Imagine the nocturnal view
of tombs, forts, minarets, malls."
Yet, no matter how much I try,
the carpets don't answer my calls,
and, rolled up, my requests deny.
My job is to be a keeper;
I'm merely a carpet sweeper.
// New Delhi, 6 viii 16
For Milan, whose middle name is Allen; perhaps, he will like our poetry.
Michael, Dibya, Abhimanyu and I
went to the Press Club to drink.
It's never
one drink, is it? So, as clouds gathered
like Timur's crazy camels with burning
hay on their backs, we traded thoughts on metre,
and plotted an assassination.
"It's time the bullshit tricksters shut their shops;
especially that douche bag, self-proclaimed
arbiter, gatekeeper of a Brahmin
ethics-let's kill him," said Abhimanyu.
"Or, we could just deposit the rotting
cattle carcass, which is our poetry,
outside his pristine metaphysical temple."
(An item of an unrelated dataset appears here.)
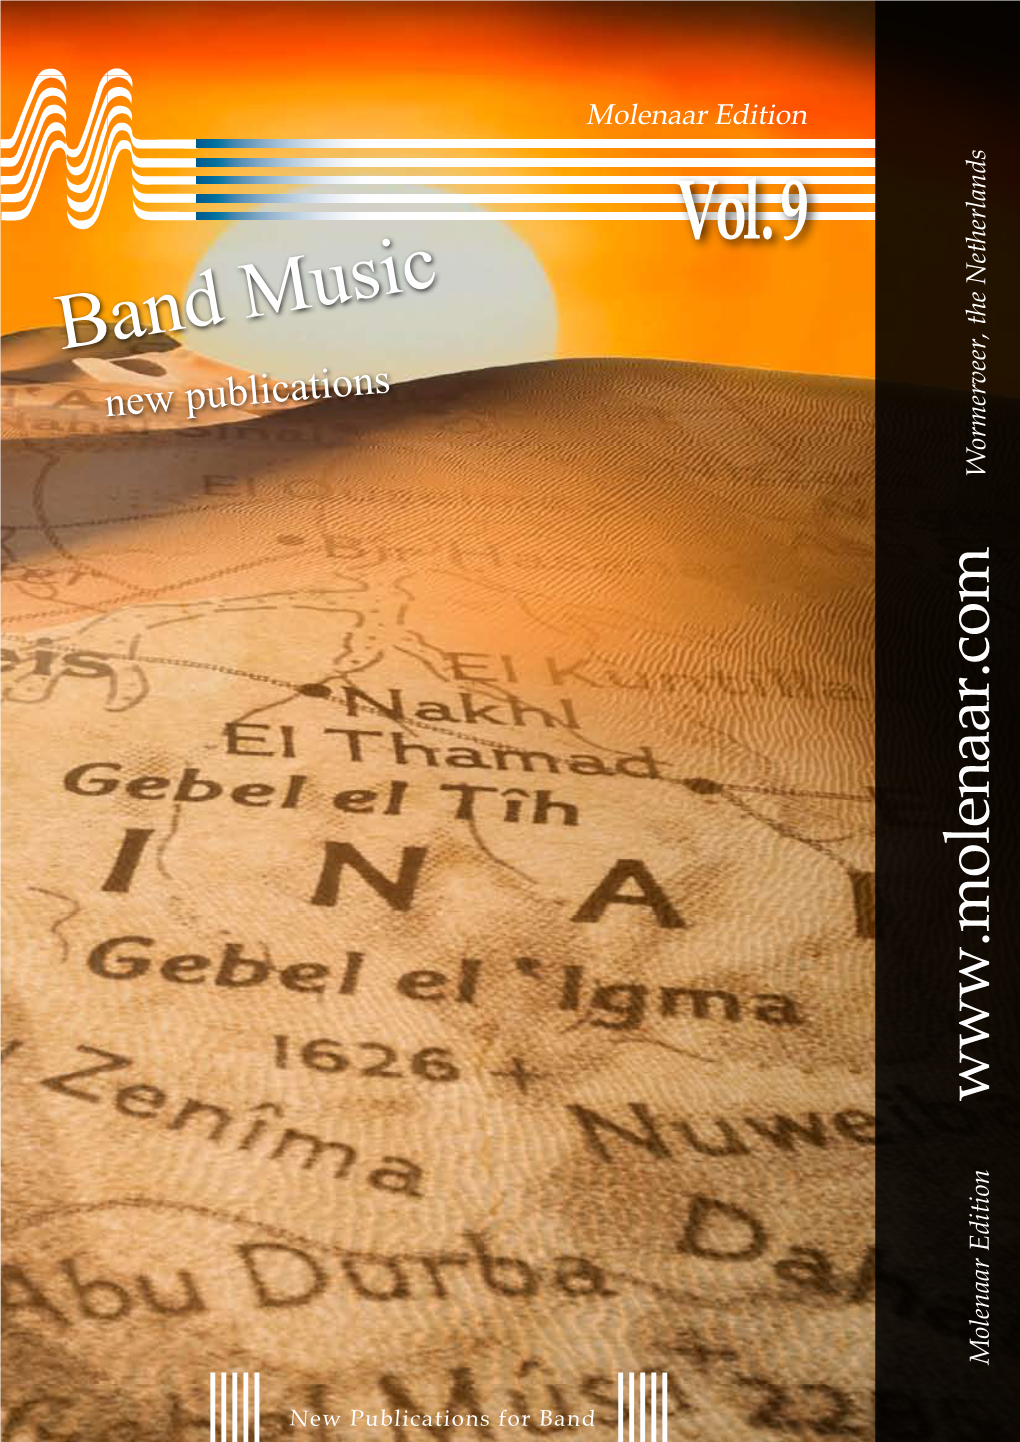 Vol. 9 Band Music New Publications Wormerveer, the Netherlands

With rain, the talk turned to children, and how
they grow into trees, into furniture,
into pirate ships, their Jolly Rogers
slicing in half tropical hurricanes.
What will they-sons and daughters of teachers,
journalists, workers-think of us, drinking
in summer evenings at subsidized
clubs on Raisina Road?
I think Milan
would be happy we discarded our castes,
and refused to worry about getting
bungalows on Pandara Road, at Jor Bagh,
and lived in rented flats at Jangpura
and Malviya Nagar, overspending
on books, and having dinner at Nizamuddin.
When he's a little older, I'll tell him
How I teased his father in an auto
about following his caste profession:
a poet in the court of tyrants.
Only now, we don't get pearl necklaces;
recalcitrant outcastes, we howl our sonnets
at nocturnal trains, at tombs of sufis,
and urchins who sell jasmines, rose garlands,
at a discount for assassin-poets.
// New Delhi, 9 viii 16
after Shakti Chattopadhyay’s ‘Paharia Kolkata’
Here, they're always digging: gigantic cranes
turning up earth for baolis, the metro,
building foundations. Wherever I go,
hillocks block Aurobindo Road, bylanes
in Green Park. We'd planned to take the midnight
bus to Manali from Kashmiri Gate.
Never did it. And now, it's too late.
Yet, this morning, in the watery light,
New Delhi has become a hill station:
the hillocks have sprouted eucalyptus, pines,
deodars; GK is a tea plantation;
and on my neighbour's balcony are lines
of Tibetan flags. Did rain prompt this strange
transformation? Delhi is now McLeod Ganj.